Alright, I've got this program that is supposed to ask the user for input of two ordered pairs, then use a class and a + operator to produce the midpoint. Unfortunately, whenever it is run, it gets the ordered pairs and then invariably says the midpoint is (4370432,4370432). Here is the code: Code: //Overloading Operators //Midpoint #include <iostream> using namespace std; class CMidpoint { public: int x , y; CMidpoint() {}; CMidpoint( int , int ); CMidpoint operator + ( CMidpoint ); }; CMidpoint::CMidpoint( int a , int b ) { x = a; y = b; } CMidpoint CMidpoint::operator + ( CMidpoint param ) { CMidpoint temp; temp.x = x + param.x; temp.y = y + param.y; return (temp); } int main() { CMidpoint c; int i , j , k , l; cout << "Please enter the x and y value (separated by a space) of an ordered pair: " << endl; cin >> i >> j; cin.ignore(); CMidpoint a ( i , j ); cout << "Please enter the x and y value (separated by a space) of another ordered pair: " << endl; cin >> k >> l; CMidpoint b ( k , l ); cout << "Your ordered pairs:" << endl; cout << "\t(" << i << "," << j << ")" << endl; cout << "\t(" << k << "," << l << ")" << endl; cout << "(Press any key to confirm...)" << endl; cin.get(); cin.ignore(); a + b = c; cout << "The midpoint of the points is "; cout << "(" << c.x << "," << c.y << ")." << endl; cin.get(); return 0; } How can I get it to display the actual midpoint, rather than some random number?
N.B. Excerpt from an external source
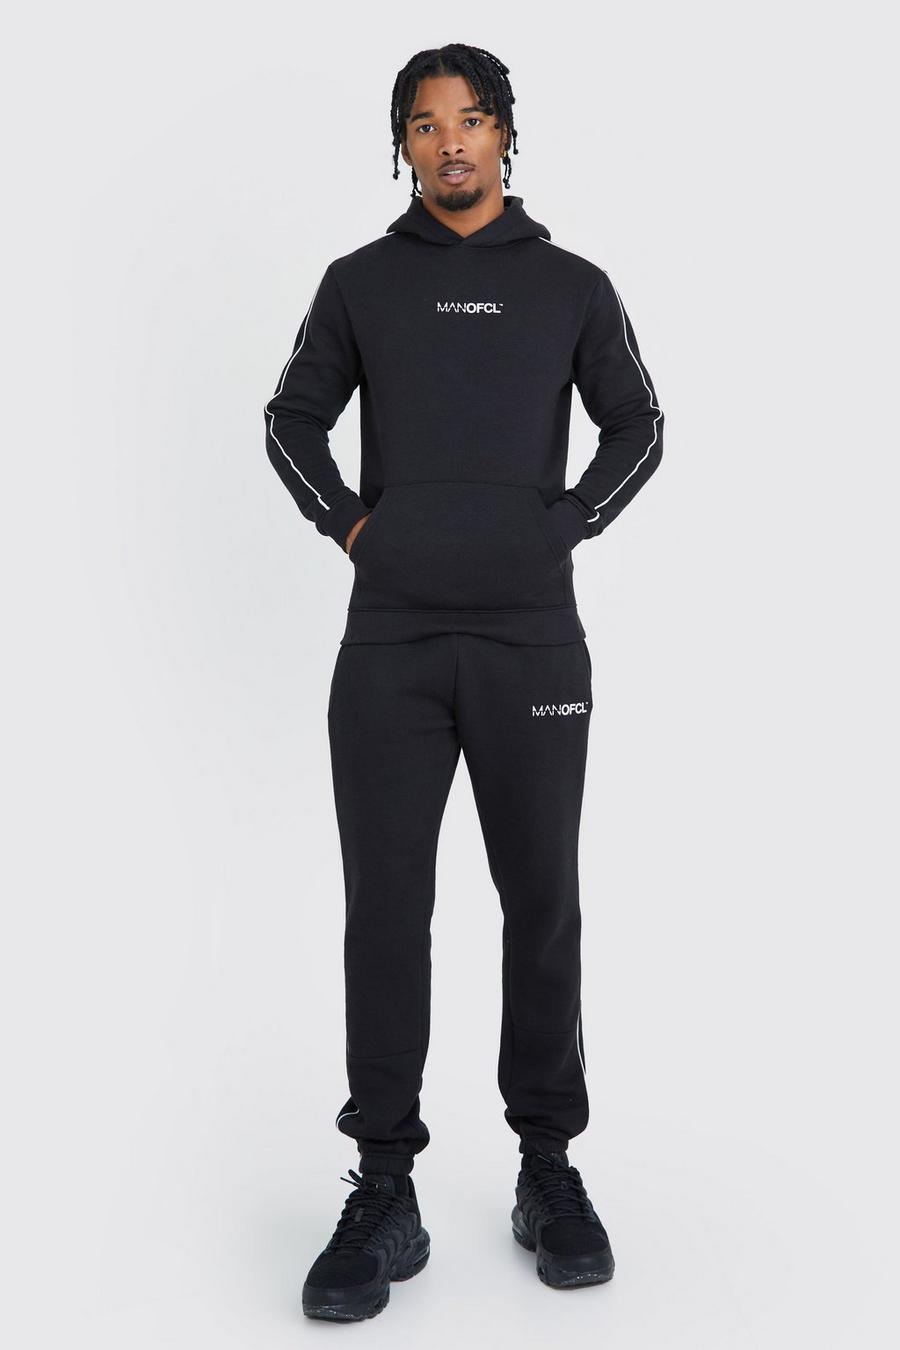 Ofcl Man Muscle-Fit Trainingsanzug mit Kapuze, Black

That works! But why should the order have any bearing on what the result is? Is it because I overloaded the + operator, but c++ has a default = operator?
Does a + b = c work for you for when you use say doubles? I doubt it. lvalue = rvalue_expression is written into the language. You can't just rearrange that to suit.
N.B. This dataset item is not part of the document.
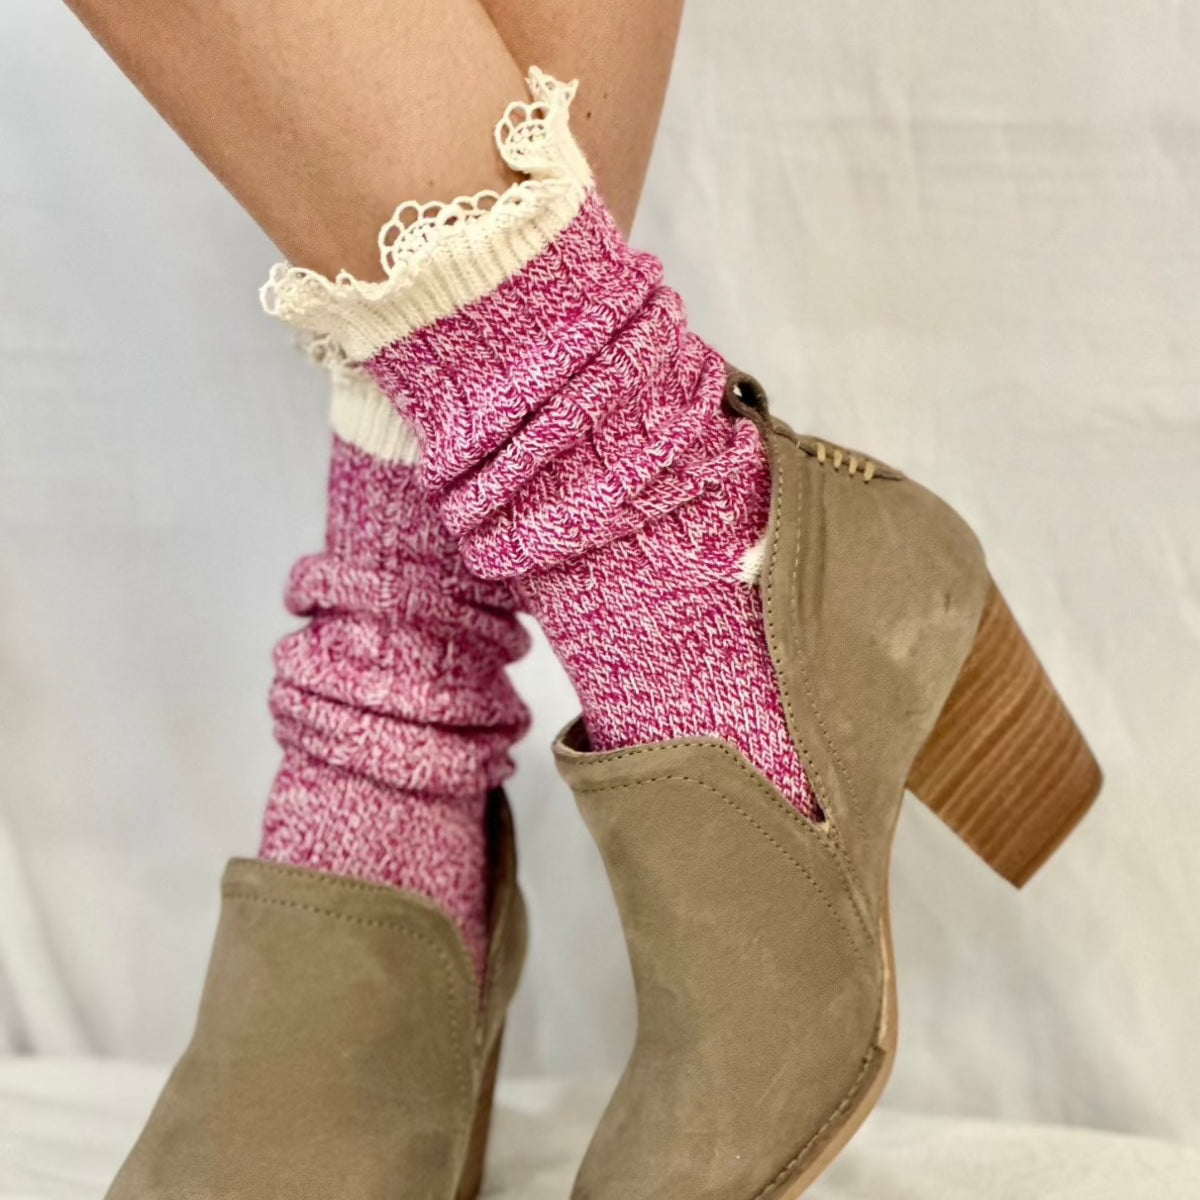 Eco friendly 100% organic pink socks women's,, best quality cotton socks Made in USA.

Let us consider the stmt c= a + b In operator overloading concept, value next to + operator i.e operand value' b' only passed to Overloading function that why in ur pgm 'b' value is copied to' param' operand...... operand ' a' value is passed automatically ,we no need to pass it........ As per ur stmt, if we put a+b=c, Which value get passed? Think over it?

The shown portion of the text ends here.